Step 2 — Moles of solvent from relative lowering of vapour pressure.

$$\frac{\Delta p}{p^\circ} = x_{\text{solute}} = \frac{n_{\text{solute}}}{n_{\text{solute}}+n_{\text{solvent}}}.$$

$$\frac{760-750}{760} = \frac{10}{760} = \frac{1}{76} = \frac{n_{\text{solute}}}{n_{\text{solute}}+n_{\text{solvent}}}.$$

$$n_{\text{solute}}+n_{\text{solvent}} = 76\,n_{\text{solute}} \implies n_{\text{solvent}} = 75\,n_{\text{solute}}.$$

$$n_{\text{solvent}} = 75 \times 0.0667 = 5.0\ \text{mol}.$$

Answer: 5

JEE Main 2026 · Apr 4, Shift 1
JEE Main 2026 · Apr 6, Shift 1 Q6952782191
When 0.25 moles of a non-volatile, non-ionizable solute was dissolved in 1 mole of a solvent the vapor pressure of solution was $x$ % of vapor pressure of pure solvent. What is $x$ %?
Solution

By Raoult’s law for a non-volatile solute, the vapour pressure of the solution equals the mole fraction of the solvent times the pure-solvent vapour pressure:

$$p_{\text{soln}} = x_{\text{solvent}}\, p^\circ.$$

$$x_{\text{solvent}} = \frac{n_{\text{solvent}}}{n_{\text{solvent}}+n_{\text{solute}}} = \frac{1}{1+0.25} = \frac{1}{1.25} = 0.80.$$

$$\frac{p_{\text{soln}}}{p^\circ} = 0.80 = 80\%.$$

Answer: D (80%)

  1. A 50%
  2. B 60%
  3. C 70%
  4. D 80%
JEE Main 2026 · Apr 6, Shift 1
JEE Main 2026 · Apr 2, Shift 1 Q69112155
19.5 g of fluoro acetic acid (molar mass = 78 g mol$^{-1}$) is dissolved in 500 g of water at 298 K. The depression in the freezing point of water was 1°C. What is $K_a$ of fluoro acetic acid? (For water, $K_f = 1.86$ K kg mol$^{-1}$). Assume molarity and molality to have same values.
Solution

Step 1 — Molality of the acid.

$$n_{\text{acid}} = \frac{19.5}{78} = 0.25\ \text{mol},\qquad m = \frac{0.25}{0.500\ \text{kg}} = 0.5\ \text{mol kg}^{-1}.$$

Step 2 — Van’t Hoff factor from freezing point depression.

$$\Delta T_f = i\,K_f\,m \implies i = \frac{\Delta T_f}{K_f\,m} = \frac{1}{1.86 \times 0.5} = \frac{1}{0.93} = 1.0753.$$

Step 3 — Degree of dissociation.
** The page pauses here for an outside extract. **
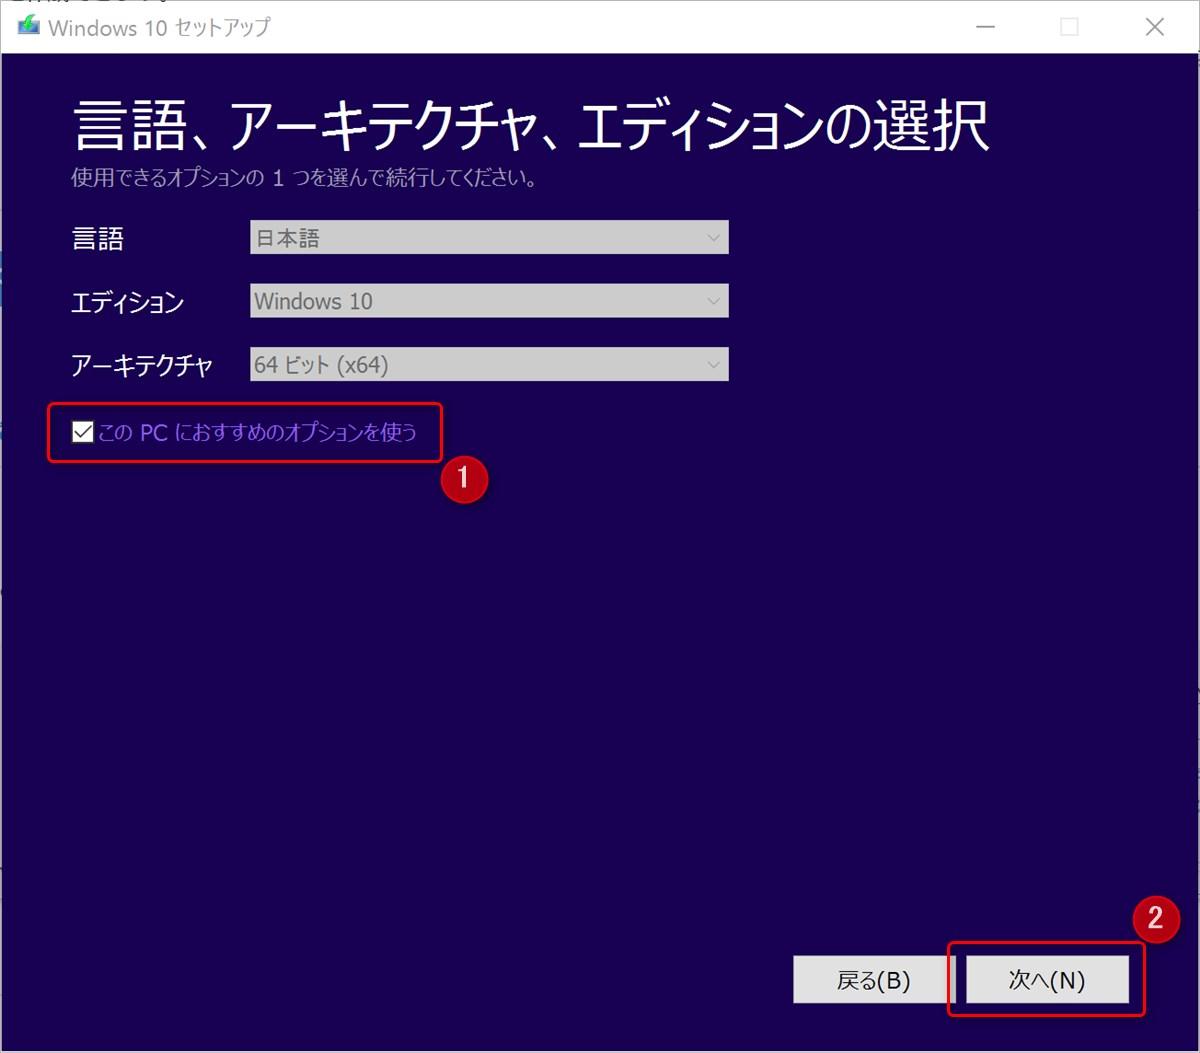 Windows 10 upgrade 5

For a weak monobasic acid $\mathrm{HA \rightleftharpoons H^+ + A^-}$, $i = 1+\alpha$:

$$\alpha = i - 1 = 0.0753.$$

Step 4 — Dissociation constant. With $C = m = 0.5\ \text{M}$:

$$K_a = \frac{C\alpha^2}{1-\alpha} = \frac{0.5 \times (0.0753)^2}{1 - 0.0753} = \frac{0.5 \times 0.00567}{0.9247} = \frac{0.002835}{0.9247} \approx 3.07\times10^{-3}.$$

Answer: D ($3 \times 10^{-3}$)

  1. A $10^{-6}$
  2. B $4 \times 10^{-4}$
  3. C $3 \times 10^{-5}$
  4. D $3 \times 10^{-3}$
JEE Main 2026 · Apr 2, Shift 1
JEE Main 2026 · Apr 2, Shift 2 Q691121205
Solution A is prepared by dissolving 1 g of a protein (molar mass = 50000 g mol$^{-1}$) in 0.5 L of water at 300 K. Its osmotic pressure is $x$ bar. Solution B is made by dissolving 2 g of same protein in 1 L of water at 300 K. Osmotic pressure of solution B is $y$ bar. Entire solution of A is mixed with entire solution of B at same temperature. The osmotic pressure of resultant solution is $z$ bar. $x$, $y$ and $z$ respectively are : ($R = 0.083$ L bar mol$^{-1}$ K$^{-1}$)
Solution

Use $\pi = \dfrac{n}{V}RT$.

Solution A: $n_A = \dfrac{1}{50000} = 2\times10^{-5}\ \text{mol}$, $V_A = 0.5\ \text{L}$.

$$x = \frac{2\times10^{-5}}{0.5}(0.083)(300) = 4\times10^{-5}\times 24.9 = 9.96\times10^{-4}\ \text{bar}.$$

Solution B: $n_B = \dfrac{2}{50000} = 4\times10^{-5}\ \text{mol}$, $V_B = 1\ \text{L}$.

$$y = \frac{4\times10^{-5}}{1}(0.083)(300) = 4\times10^{-5}\times 24.9 = 9.96\times10^{-4}\ \text{bar}.$$

After mixing: total moles $= 6\times10^{-5}$, total volume $= 1.5\ \text{L}$.

$$z = \frac{6\times10^{-5}}{1.5}(0.083)(300) = 4\times10^{-5}\times 24.9 = 9.96\times10^{-4}\ \text{bar}.$$

All three osmotic pressures equal $9.96\times10^{-4}$ bar.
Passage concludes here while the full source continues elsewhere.